* **What the exercise asks**
In the listing below, locate the line with "Foulque de nicher" and the line with "Un randonneur sur", then output both and everything between them exactly, minus any pictures.

* **Given records**
* * * * *

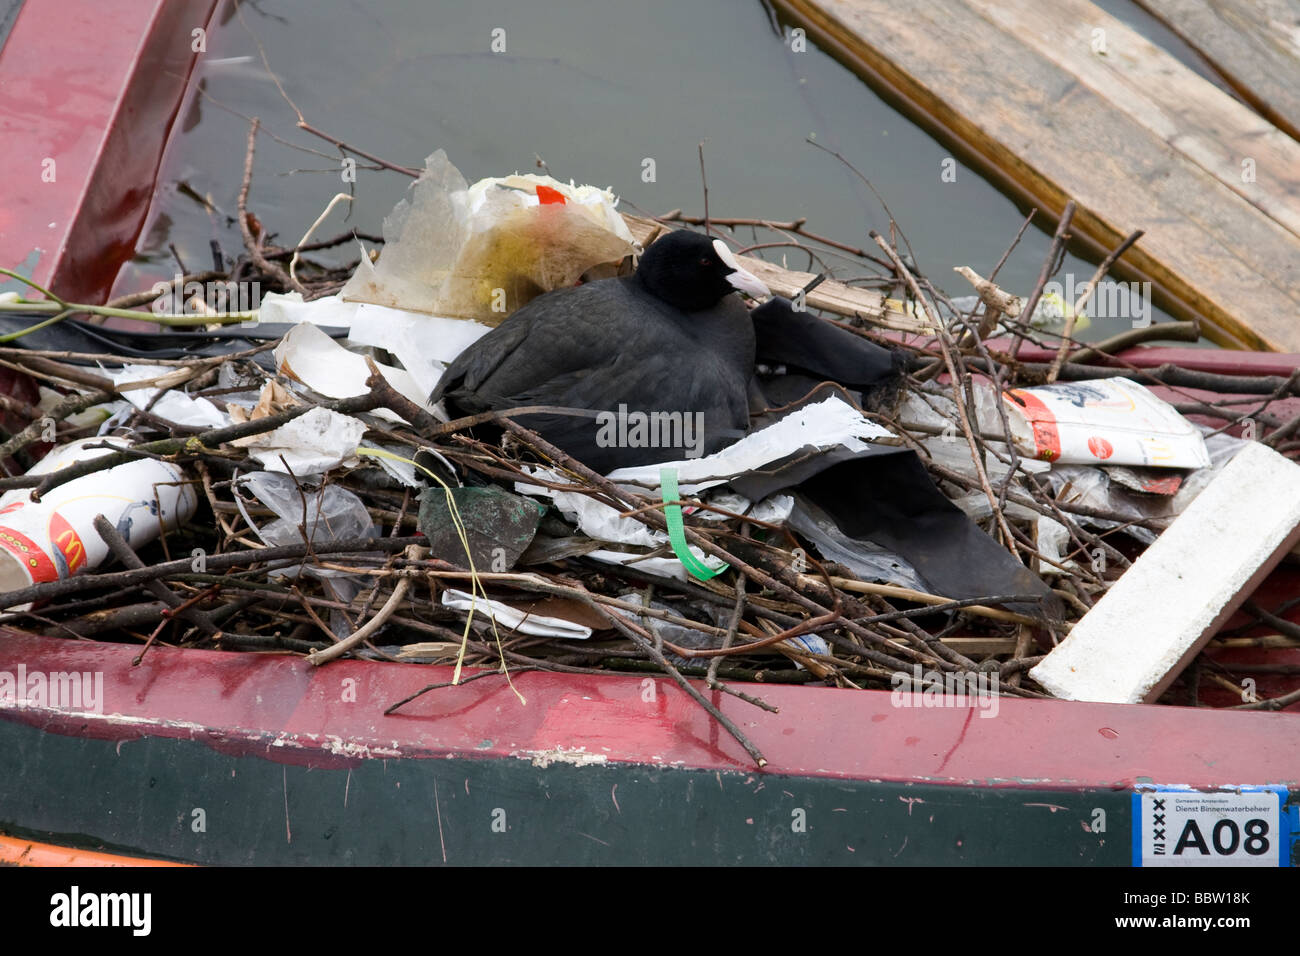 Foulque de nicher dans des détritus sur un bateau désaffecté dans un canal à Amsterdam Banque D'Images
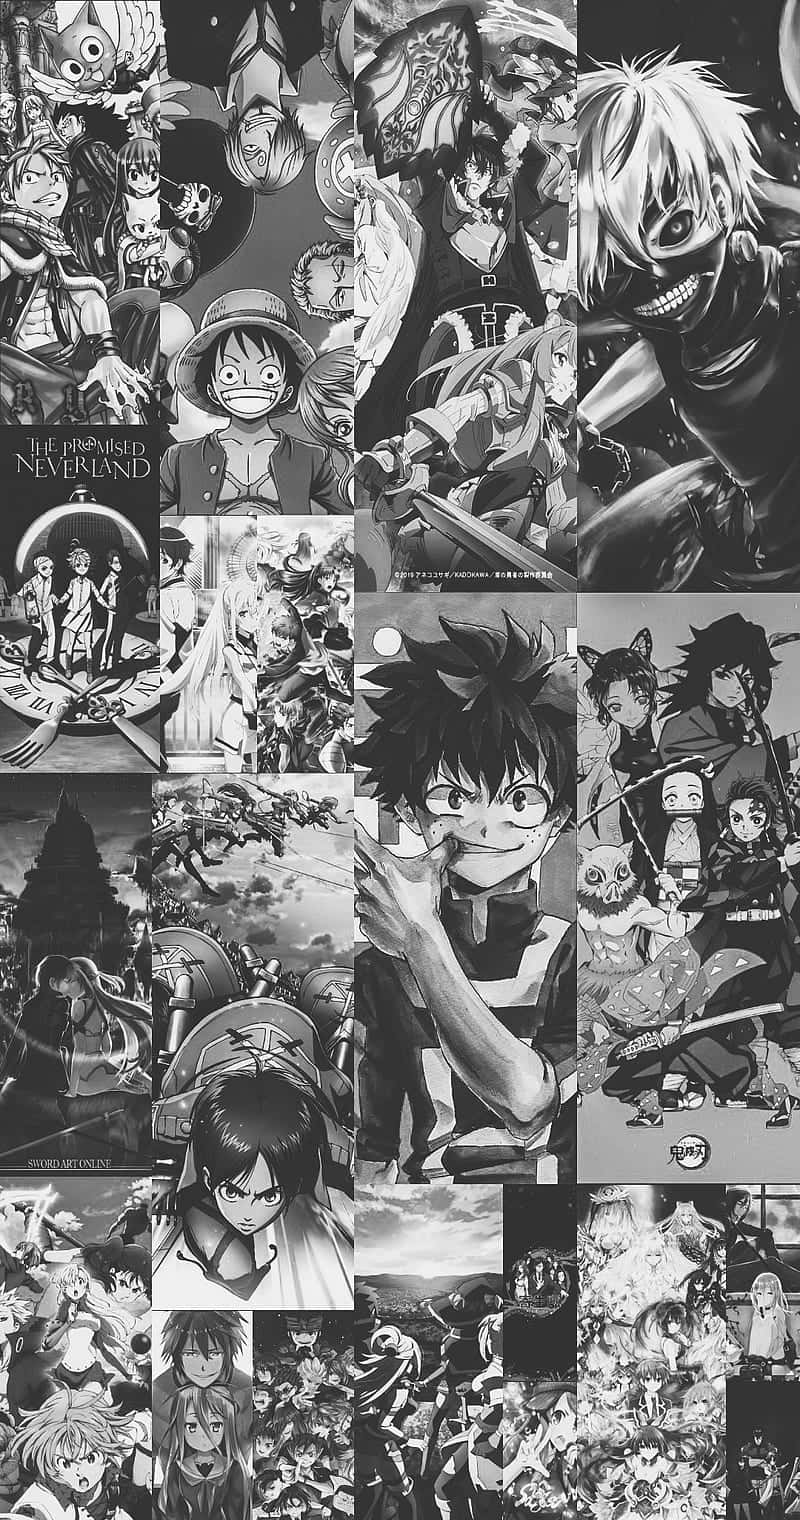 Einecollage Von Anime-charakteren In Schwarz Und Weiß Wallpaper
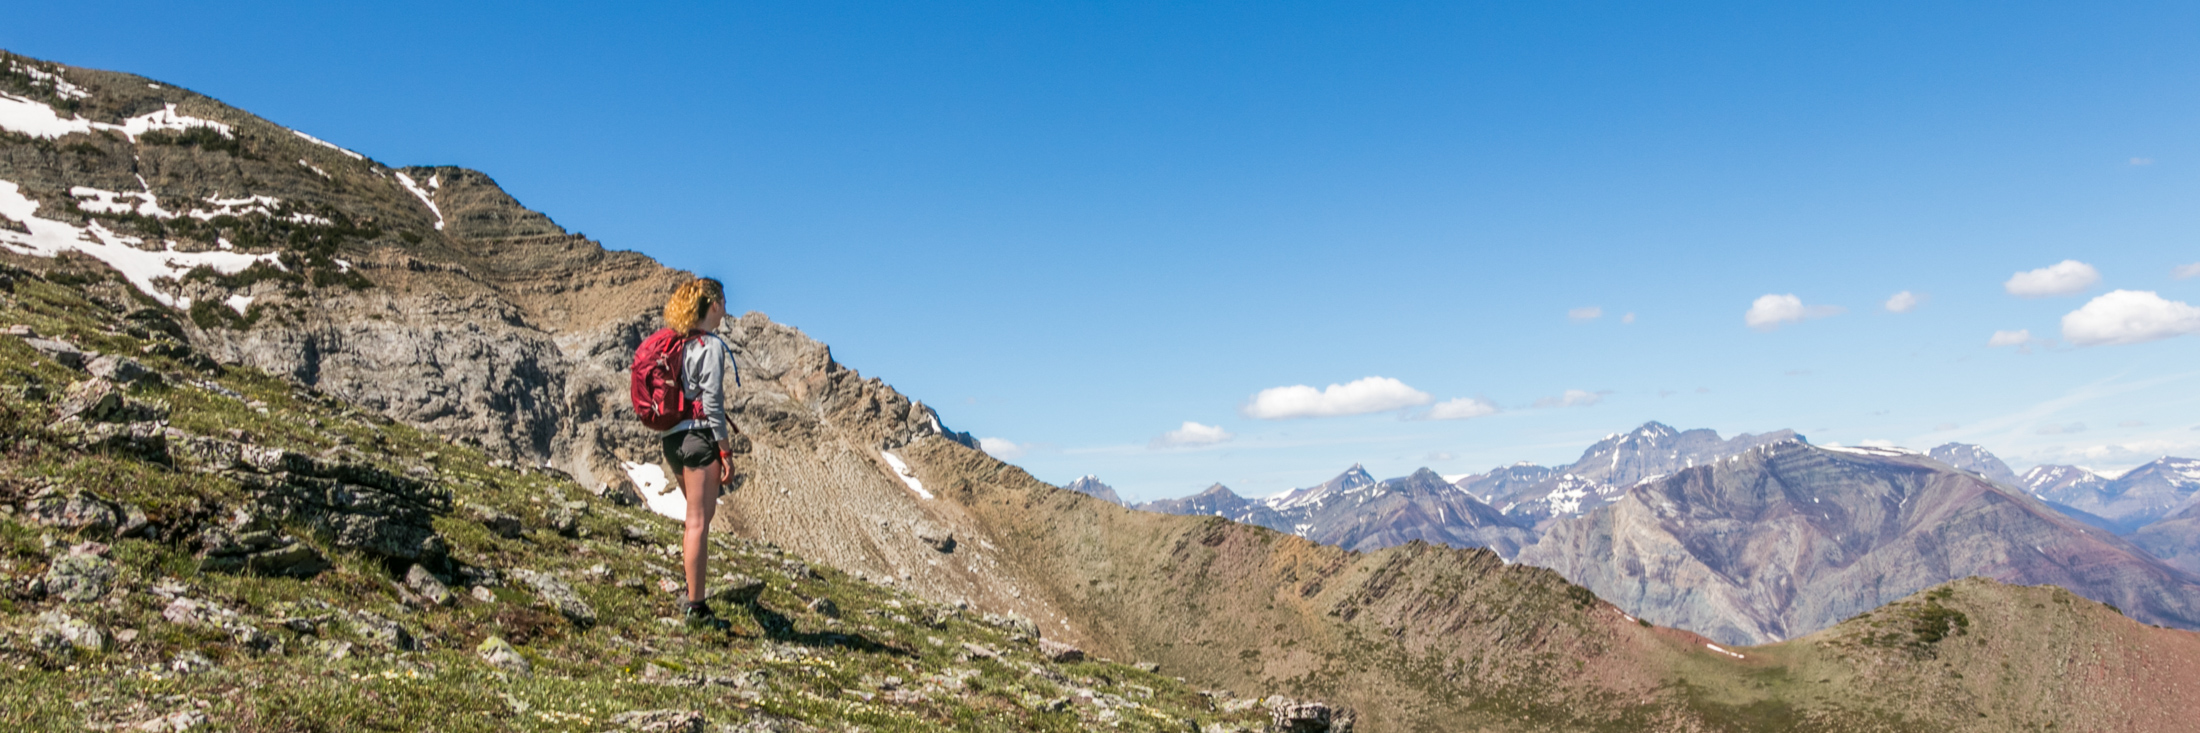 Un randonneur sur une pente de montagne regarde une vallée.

* * * * *

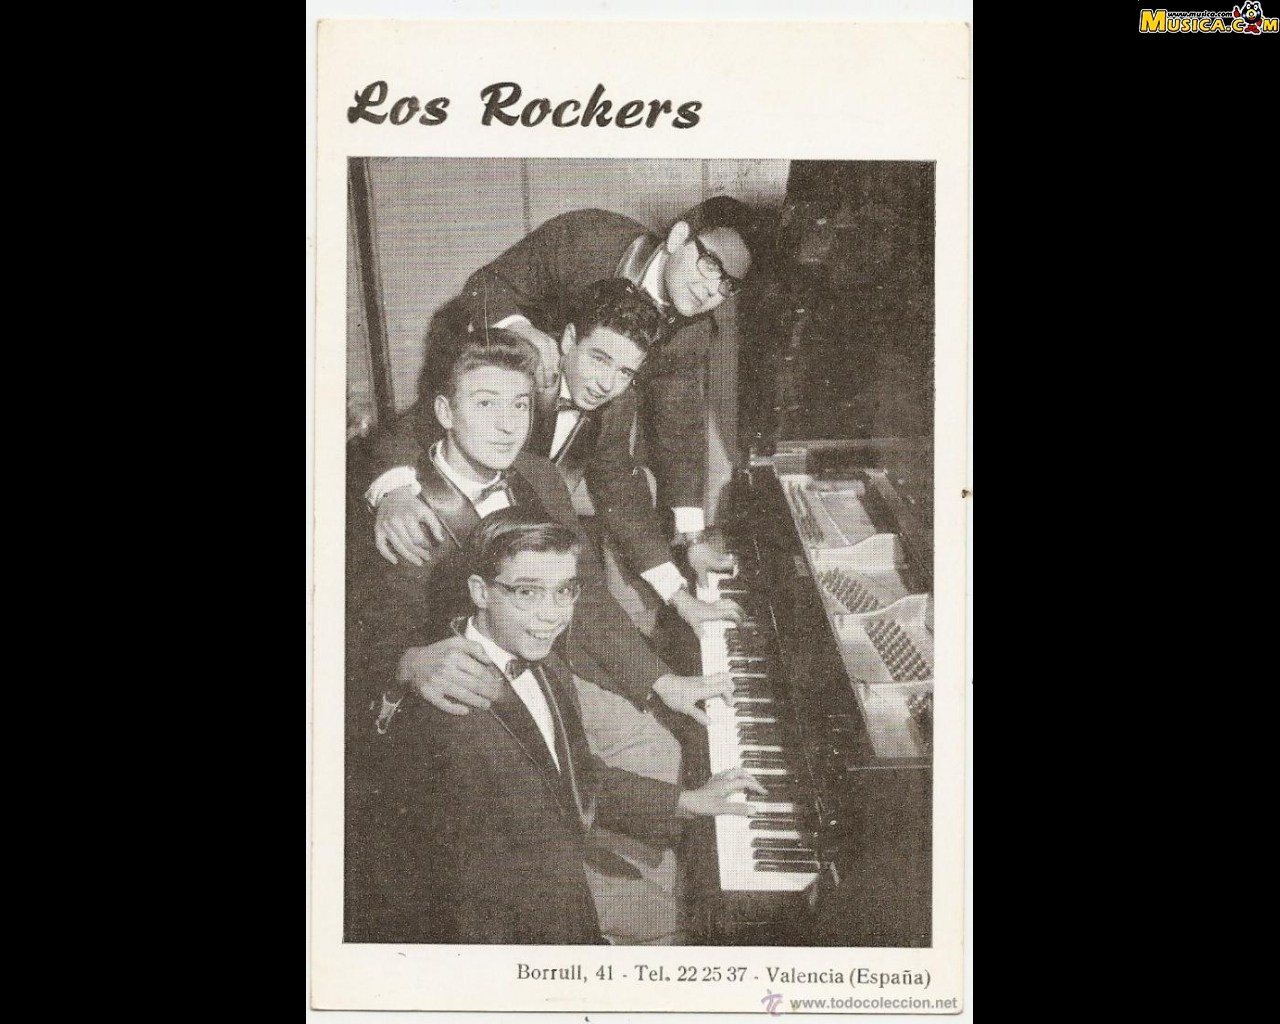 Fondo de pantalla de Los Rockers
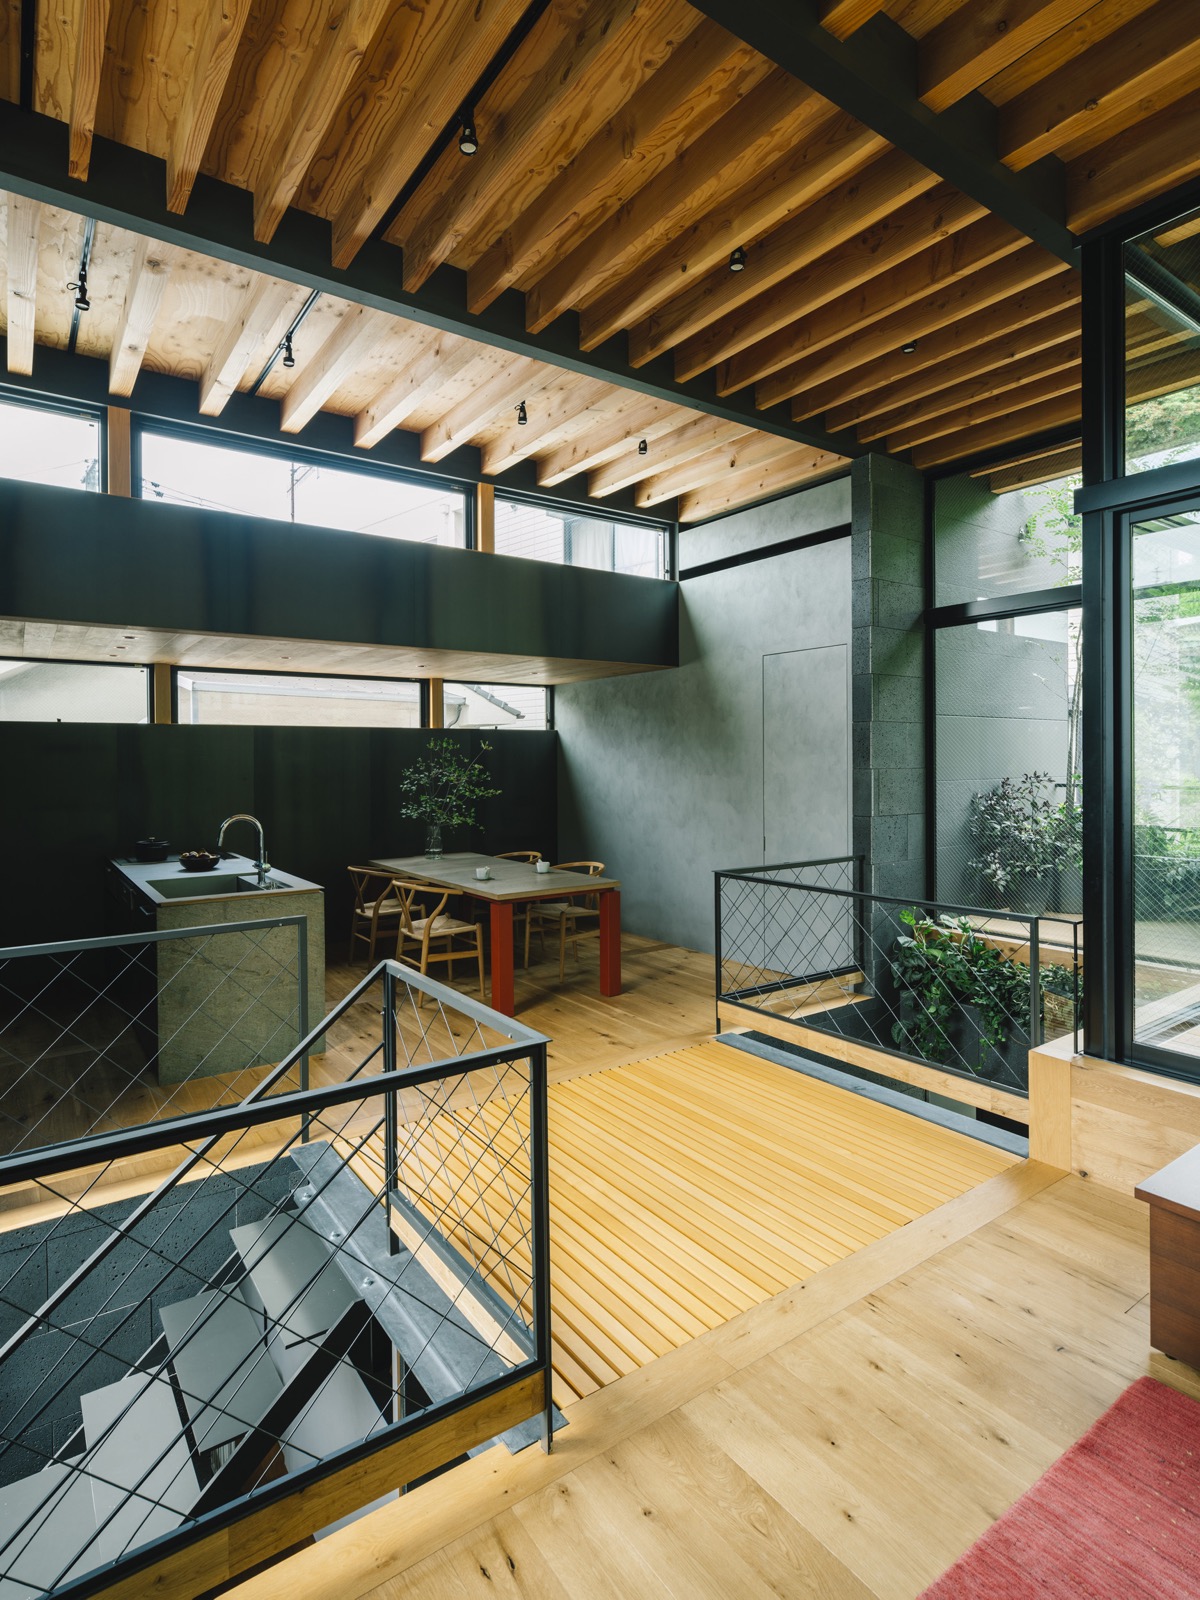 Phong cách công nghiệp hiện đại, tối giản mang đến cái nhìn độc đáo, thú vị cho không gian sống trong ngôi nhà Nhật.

* * * * *

* **Completed exercise**
 Foulque de nicher dans des détritus sur un bateau désaffecté dans un canal à Amsterdam Banque D'Images
 Einecollage Von Anime-charakteren In Schwarz Und Weiß Wallpaper
 Un randonneur sur une pente de montagne regarde une vallée.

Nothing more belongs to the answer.